Marie returned to her home in Australia, but then came back a few months later to find her mother very harassed, even though the two registered nurses were supposedly assisting. She realised that her father was not being cared for adequately; he was dehydrated, left lying in a wet bed, and was often very cold.

When I came back I would spend hours and hours reading up in the diary about him because I was concerned when I saw the fact that he had two drinks in sixteen hours, two drinks of coffee. He actually asked me for a glass of water, he actually said ‘water’, so I gave him water and I got very spun out when I saw this and thought ‘my god what has been going on?’… Dad was in bed; the house was freezing cold, up in Dad’s end where the bedroom was. He was lying with a sheet over him and he was wet with urine, while Debbie was cooking sausages and chips. I was so concerned about Dad that I actually rung the doctor to find out what would happen with somebody getting hot and cold, you know extremes, and he said that was not good, pneumonia so I thought this is not very good with Debbie. Also with the liquid intake wasn’t very good so I checked with the doctors about that as well to find out so that wasn’t good (I 548).

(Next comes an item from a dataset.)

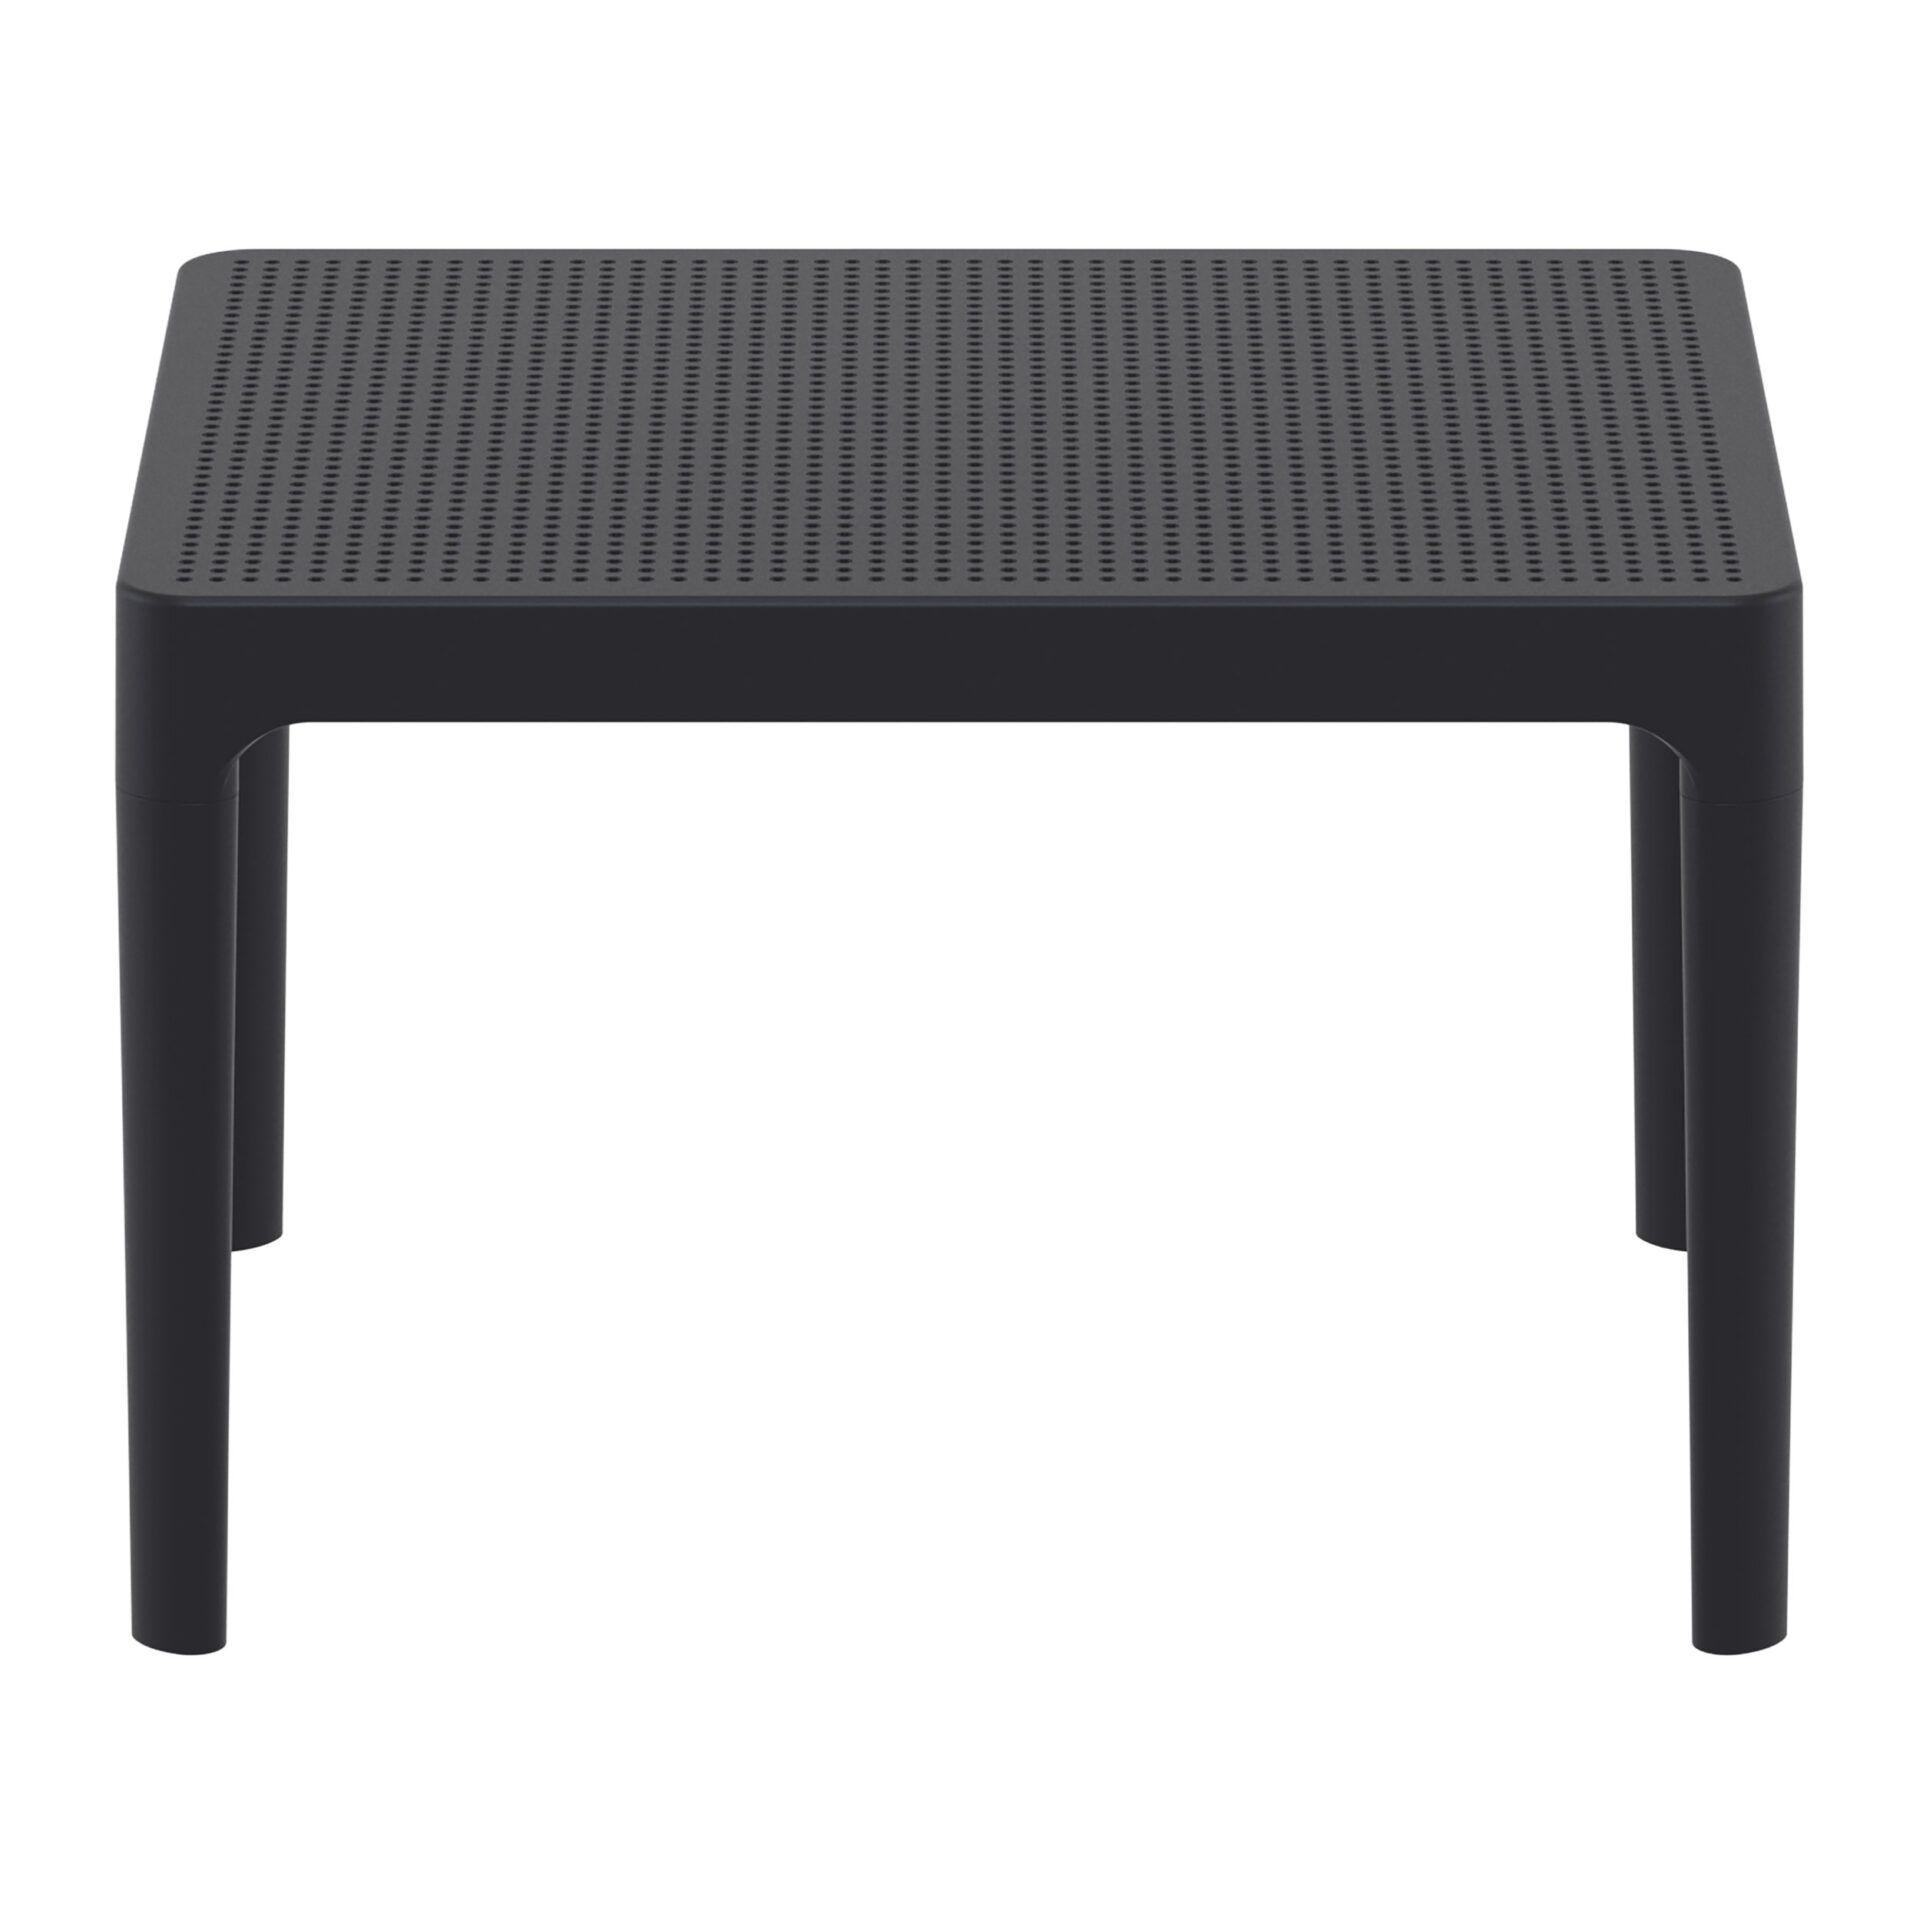 polypropylene outdoor sky side table black long edge

Marie desperately looked for people who would be kind in their care of her father. She offered the job to her brother and sister-in-law, who were unemployed, but they did the job half-heartedly. She found two family friends who did the job well for eighteen months, but they then moved on. Another carer was brought in, but she went on a two-week holiday without giving any notice. The care hours were offered to another sister, who never turned up.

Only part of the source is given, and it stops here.